# Bad Donkey! BAD! BAD!



## rebelshope (Sep 21, 2008)

My donkeys are doing really well. Both Sophie and Dominick are learning to lead and super sweet.

As far as being a guard animal, well. They are kept with the goats at night, but during the day they are out on pasture and dry lot. This morning though Sophie picked up a goat by the neck that was in her way. April was trying to eat some grain, which I don't normally put out. Sophie wanted it all. Understandable, but I don't really want her picking up my goats. She did not shake her, just held her to a moment. Distressing to both the kid and me. 

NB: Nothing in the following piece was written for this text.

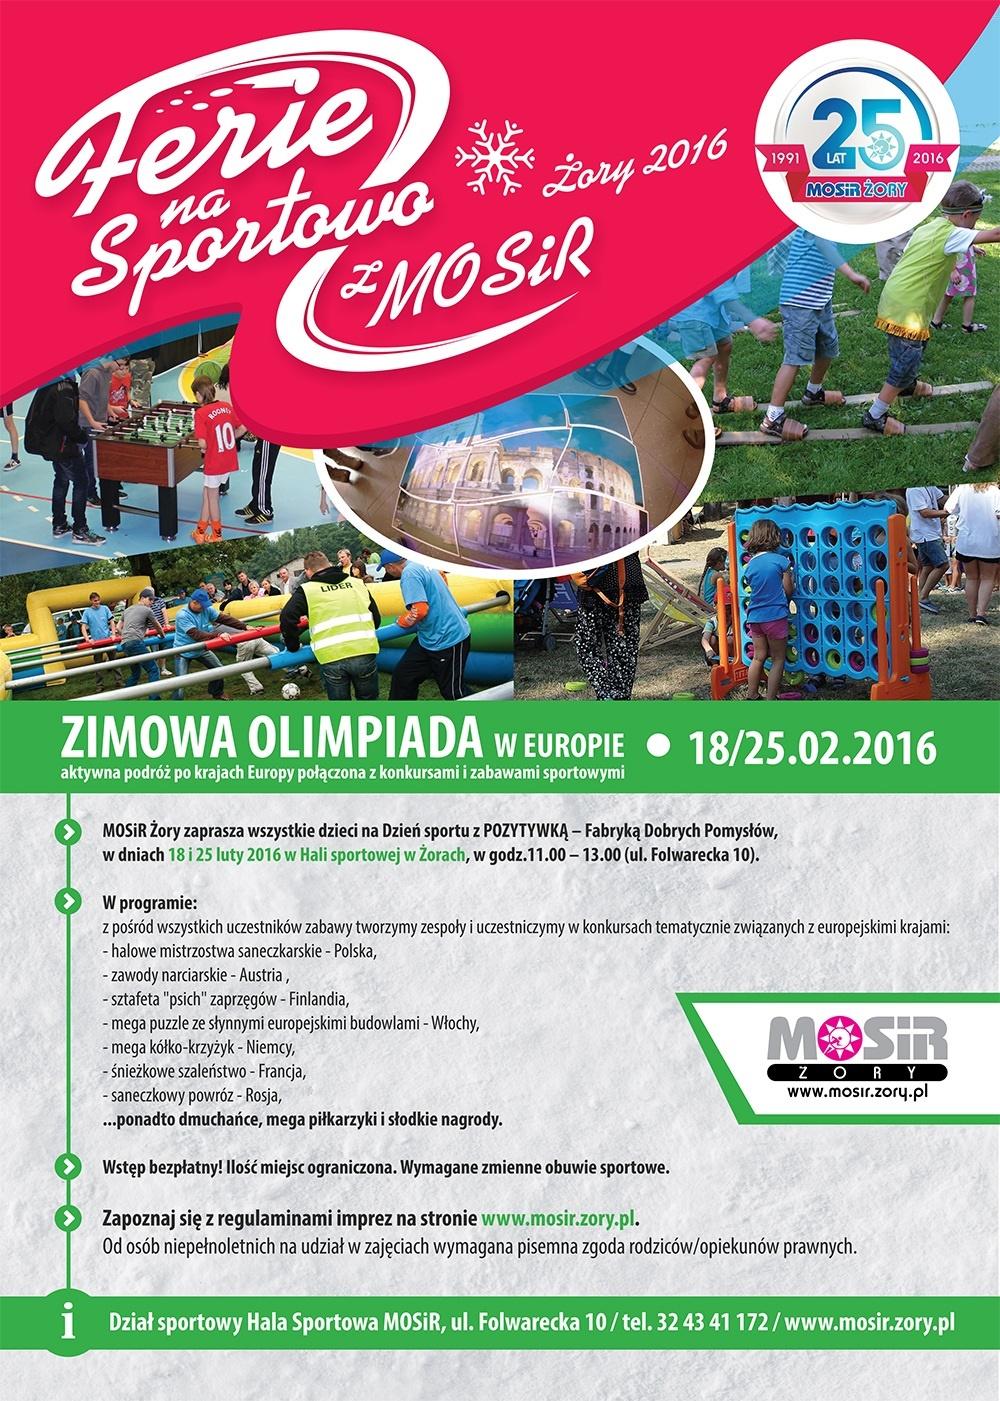 Plakat nadchodzącej Zimowej Olimpiady w Europie, zorganizowanej w ramach Akcji Zima 2016

Now I know that some are going to think I should just shoot her, based on other threads, but that isn't going to happen. :wink: 

For those of you who have actual experience with donkeys as livestock guardian animals is this a huge warning sign? An adjustment period thing? Just a food thing? They are a little cramped in the area right now. I have a new fencing going in, but it is not done yet. 

Also what do I to help Dominick become a LGA?


----------



## KW Farms (Jun 21, 2008)

I don't think anyone here wants you to shoot her for something so small as that!

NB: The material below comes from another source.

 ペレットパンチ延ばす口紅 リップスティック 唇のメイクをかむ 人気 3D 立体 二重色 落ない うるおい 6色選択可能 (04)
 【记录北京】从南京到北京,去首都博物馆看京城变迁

I would just keep an eye on the goaties, the goats will learn to keep their distance during feeding time. This is normal equine behavior, there's really not much you can do about it except for spreading the feed and grain out so they're not so cramped.


----------



## rebelshope (Sep 21, 2008)

Yeah, I knew it was normal for the donkey. I have had horses for most of my life. 90% of the time in my own backyard. I just was not sure if this meant she would not be a good guard.

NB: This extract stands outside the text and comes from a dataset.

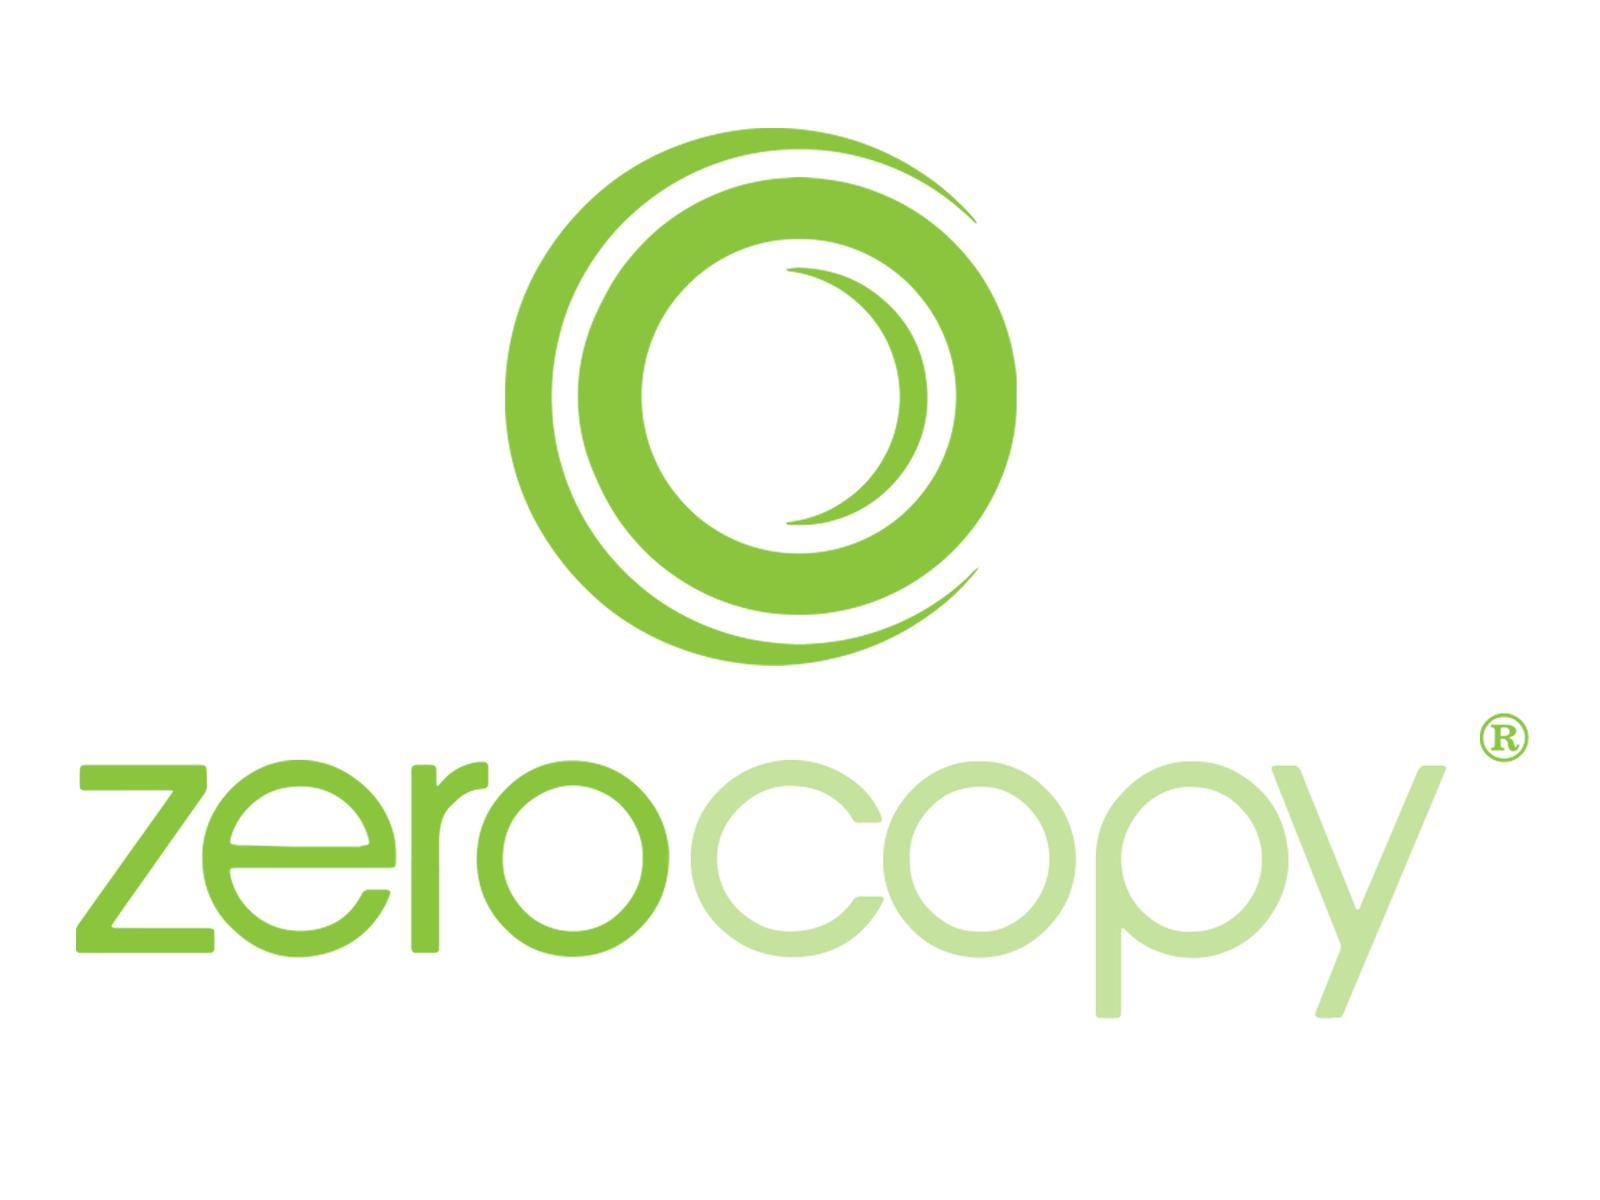 Het ondernemersverhaal en de visie van Maxime Carpentier (Zerocopy): Deel 2

I normally don't feed the goats anything other than hay with the donkeys in there, but i was trying something. The goat do have vertical space and spend most of their time above the donkey's head while they are in there. Soon they will have a larger area. I alway make sure that there is hay up there for the goats so they can get enough. 

I am not sure if these donkeys will be good gaurds anyway. They don't care if my dogs are around them or not. Some chickens were roosting in with the goats and donkeys at night and something got them, so obviously she didn't chase it off, or at least chase it off in time. Although the big climbing structure is in the middle so she may have just been in the wrong place to do anything.


----------



## dobe627 (Oct 16, 2007)

a possiblity with your chickens could be an owl too, even if you have never heard them. In which case a donkey couldn't be of much help. My mini donkey never really chases off dogs either.


----------



## Suellen (Mar 9, 2008)

I have a 6month old (very large) LGD puppy. The other day she picked up one of the kids. 
This kid is an orphan. The puppy tries to play with her like she is another dog. We have separated the puppy from the kids. Our problem is she is too far away for us to reprimand her. We ordered a shock :shocked: collar and just got it in the mail Friday. I will keep you posted. I have know idea if this would work on a donkey. 
My husband has been known to flip a goat on its side when is picking to hard on a kid, beating up on the puppy and sometimes when they are eating his tree and he is having trouble getting their attention to get them away from it. Did I mention that we have Alpines! It is a sight to see. :shocked: :slapfloor:

Squirt gun works on my dogs and usually on the goats would it work on the donkey?
Keep us posted on how the donkeys are doing. Don't shoot the donkey.

Suellen


----------



## Steskaprukov (Mar 21, 2013)

Normal behavior for the donkey. It's showing the goat kid to leave it's food alone or else. 

Had a horse do this with a full grown goat when I was just a kid. The goat was fine and NEVER bothered the horse's food again. Ever. 

Donkey I have now- regularly bites my wether but the darn wether (he must be a bit dull witted) does not quit stealing donkey feed. Wether asks for it. I'm surprised Donkey hasn't kicked him or thrown him. 

Glad you're not going to shoot your donkey.


----------



## happybleats (Sep 12, 2010)

yep ..if you ever watch a mommy donkey wit her babies...they pick them up by the main..which as a hard muscle..Your donkey was making a point lol I would not feed grain while the donkeys are in with them...donkeys dont need it and get fat rel easy.if they do need grain do t being thin or in milk then they need horse grain ..Jennies can be quite the crab when in heat..so keep and eye on them..we have three mini Jennys and all do well with the goats..we have one small Standard jenney who lives with the sheep..she is awesome..and we have now two baby jacks who we will fix..Our Donkeys had a getting to know you time with our dogs...and excepted them as part of the farm..when my daughter came over and brought her dog...a Lab, Calahula Great dame cross lol...one of my ladies charged him out of the pen ...lol..he learned quick not stay away from that pen lol..


----------